3. Hub PE1 does a route lookup in the mpls.0 table for the VPN label 1029.

       mpls.0: 5 destinations, 5 routes (5 active, 0 holddown, 0 hidden)
       + = Active Route, - = Last Active, * = Both
       1029               *[VPN/0] 00:11:49
                             to table hub_downstream.inet.0, Pop

   The VPN label 1029 is advertised because:

   1. The vrf-table-label statement is applied at the [edit routing-instances hub_downsteam] hierarchy level in the hub PE1 configuration.
   2. The no-vrf-advertise statement is applied at the [edit routing-instances hub] hierarchy level, instructing the router to advertise the route from the secondary table.

   Therefore, IP lookups are performed in the hub_downstream.inet.0 table, not in the hub.inet.0 table.

   Issue the show route advertising-protocol command on the hub PE to a spoke PE to verify the VPN label 1029 advertisement:

   user@host> show route advertising-protocol

       hub_downstream.inet.0: 2 destinations, 2 routes (2 active, 0 holddown, 0 hidden)
       * 0.0.0.0/0 (1 entry, 1 announced)
        BGP group ibgp type Internal
            Route Distinguisher: 10.255.14.176:3
            VPN Label: 1029
            Nexthop: Self
            Localpref: 100
            AS path: 100 I
            Communities: target:200:101

4. Hub PE1 performs an IP lookup in the hub_downstream.inet.0 table and forwards the traffic out interface t3-0/0/0.0 to hub CE1.

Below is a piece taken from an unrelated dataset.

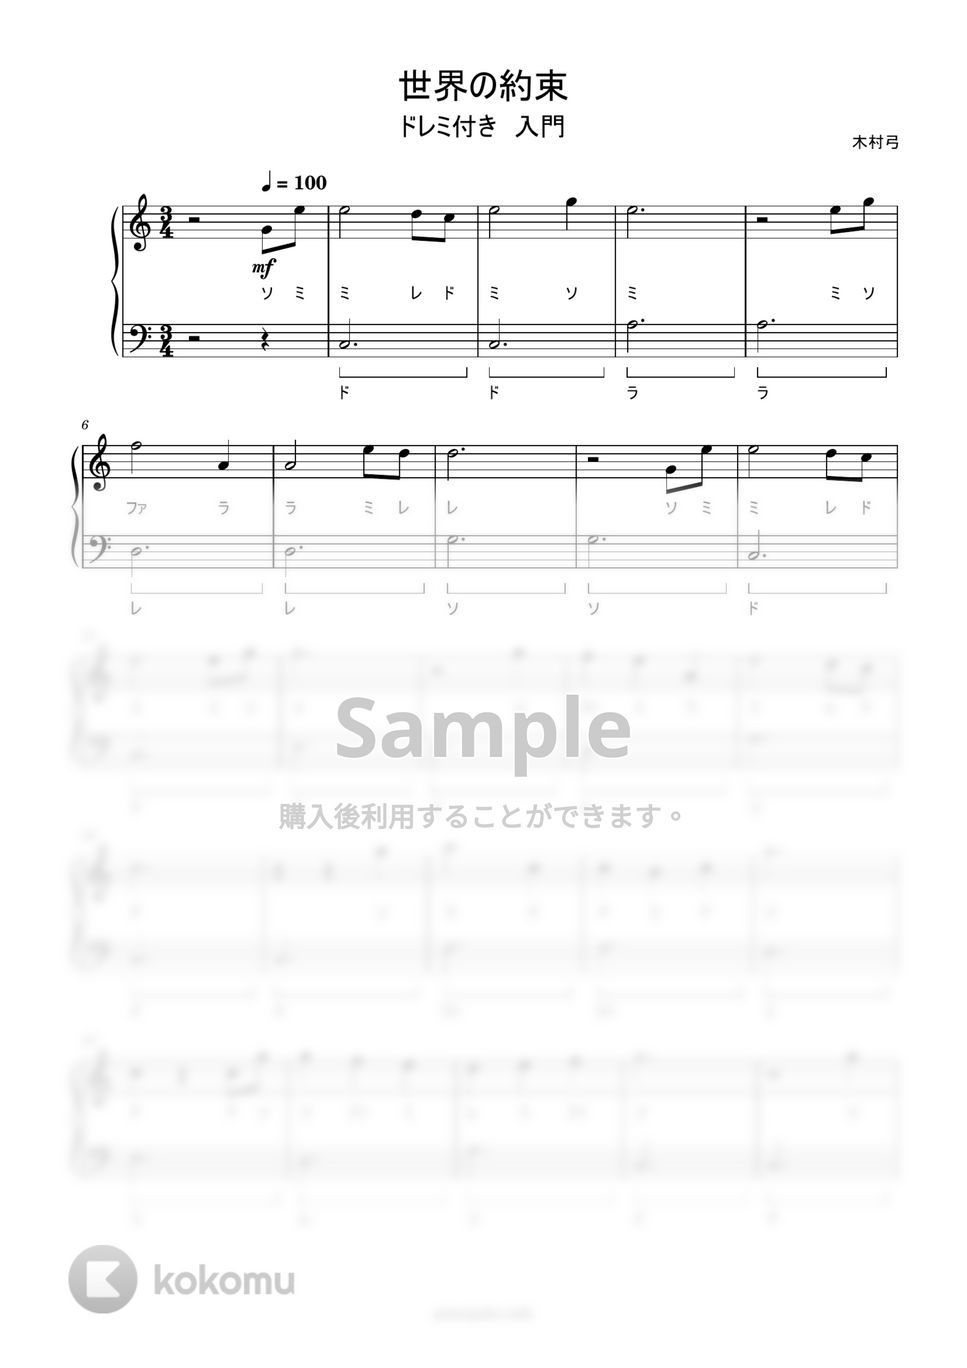 倍賞千恵子 - 世界の約束 (ドレミ付き簡単楽譜) by ピアノ塾

       hub_downstream.inet.0: 2 destinations, 2 routes (2 active, 0 holddown, 0 hidden)
       0.0.0.0/0 (1 entry, 1 announced)
               *BGP    Preference: 170/-101
                       Next-hop reference count: 4
                       Source: 10.49.4.2
                       Next hop: 10.49.4.2 via t3-0/0/0.0, selected
                       State: <Secondary Active Ext>
                       Peer AS:   100
                       Age: 3:03 
                       Task: BGP_100.10.49.4.2+1707
                       Announcement bits (2): 0-KRT 2-BGP.0.0.0.0+179 
                       AS path: 100 I
                       Communities: target:200:101
                       Localpref: 100
                       Router ID: 10.49.10.251
                       Primary Routing Table hub.inet.0

   The primary routing table is hub.inet.0, indicating that this route was exported from table hub.inet.0 into this hub_downstream.inet.0 table as a result of the no-vrf-advertise statement at the [edit routing-instances hub] hierarchy level and the auto-export statement at the [edit routing-instances hub-downstream routing-options] hierarchy level in the hub PE1 configuration.

5. Hub CE1 forwards the traffic back to hub PE1 using the router learned through BGP.

       10.49.10.253/32    *[BGP/170] 02:40:03, localpref 100
                             AS path: 200 200 I
                           > to 10.49.4.1 via t3-3/1/0.0

6. Hub PE1 performs a route lookup in the hub VRF table and forwards the traffic to spoke PE3 (through the P router—PE1 pushes two labels).

       10.49.10.253/32    *[BGP/170] 01:41:05, localpref 100, from 10.255.14.178
                             AS path: 100 I
                           > via t1-0/1/0.0, Push 100128, Push 100192(top)

7. Spoke PE3 performs a route lookup in the mpls.0 table for VPN label 100128.

       100128             *[VPN/170] 02:41:30
                           > to 10.49.6.2 via t3-0/0/0.0, Pop

8. Spoke PE3 forwards traffic out interface t3-0/0/0.0 to spoke CE3.